Power, communication and safety systems are critical elements of a modern factory enabling the reliable operation of highly connected multi-billion dollar machines. In addition, the cabling systems for these critical items must be reliable for many years, withstanding heat and vibration and dealing with challenges such as input voltage fluctuations, humidity, and high levels of particulate matter.
Integrating extensive wiring in a factory is difficult and expensive; and, at best, it's a job that should only be done once. That's why it's important to ensure that the cable assemblies, connectors, and distribution boxes used to make up a system are rugged, reliable, and scalable to meet today's and tomorrow's standards, protocols, and regulations.
This article provides a brief summary of the requirements of the modern factory. It then presents a modular approach to building and evolving industrial automation networks using examples of real-world components from Molex. It shows how a modular approach can simplify deployment and meet key environmental, operational, safety, reliability and cost requirements, while maintaining enough flexibility to expand and adapt as the factory grows.

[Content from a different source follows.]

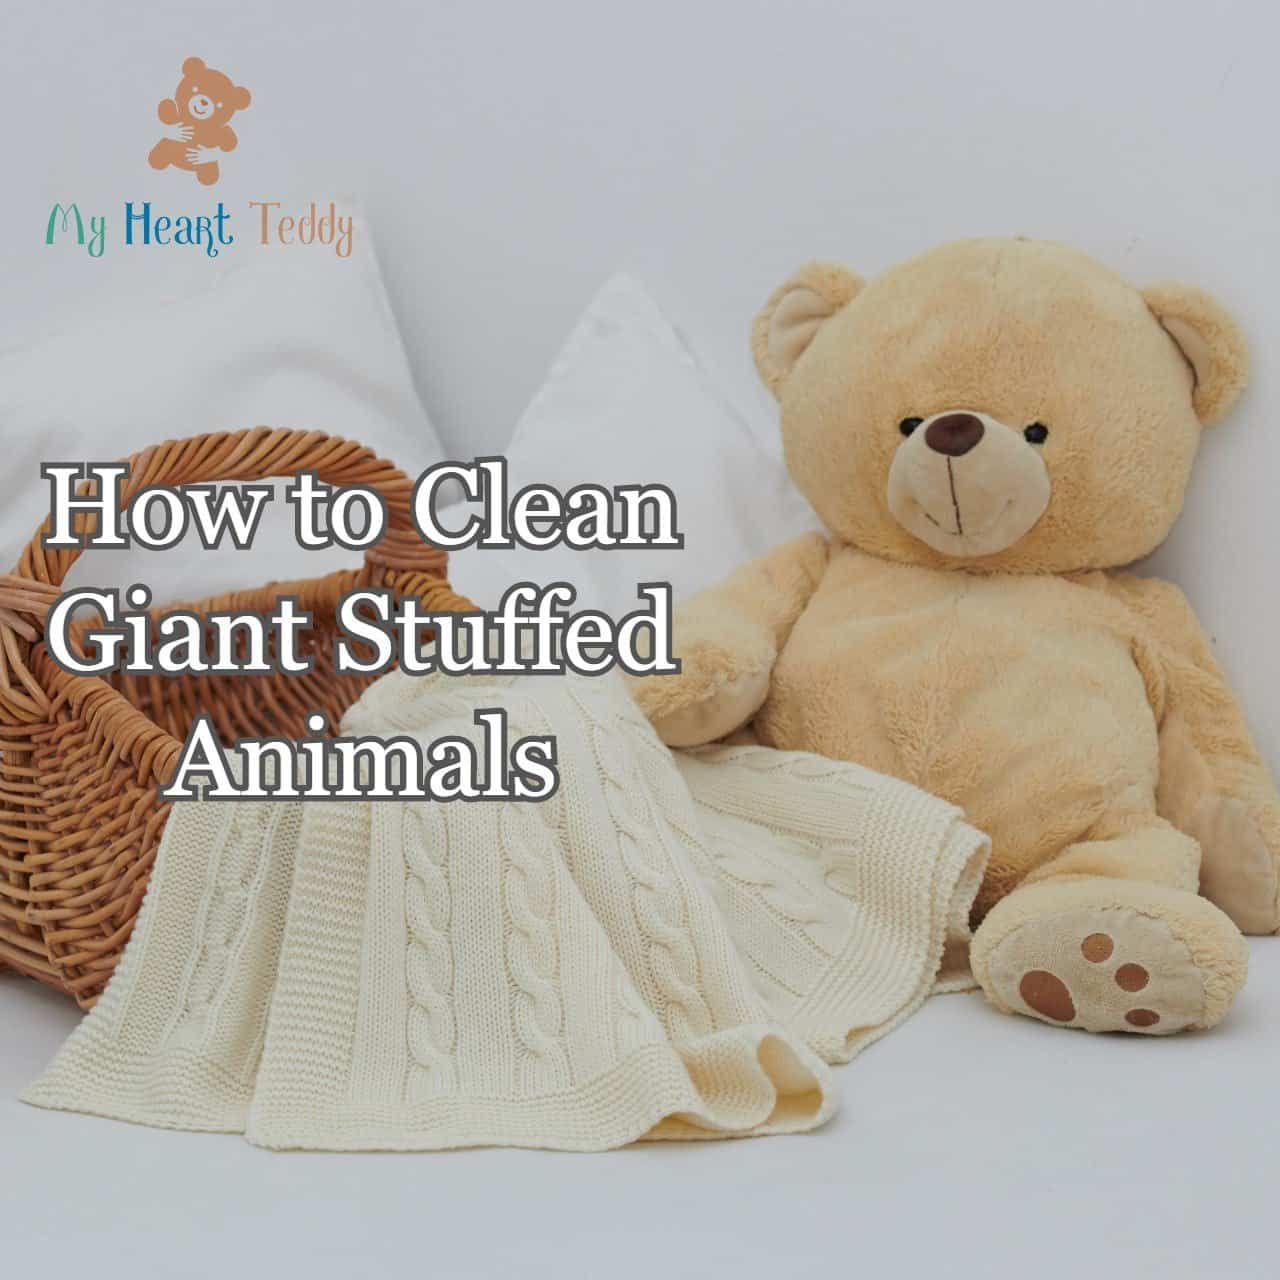 How To Sanitize Stuffed Animals That Can't Be Washed (2023)

The factory wiring of tomorrow
Industrial automation (AI) has transformed the modern factory. Communication is now as important as the electricity used to power the drives and servo motors of the large machines that make products, and safety is paramount as humans and robots work closely together. The challenge for the automation engineer is to select and install power, communication, and security cabling that takes advantage of today's technology while keeping an eye on the future in terms of scalability.
It is a difficult challenge because factories are a great investment and are built to last. Over their lifetime, manufacturing technology will evolve and cabling systems that were satisfactory only a few years earlier may no longer be suitable. In addition, as production capacity increases, each additional system will require its own connectivity, and rewiring a factory is not only costly and time consuming, but also means expensive machinery sits down.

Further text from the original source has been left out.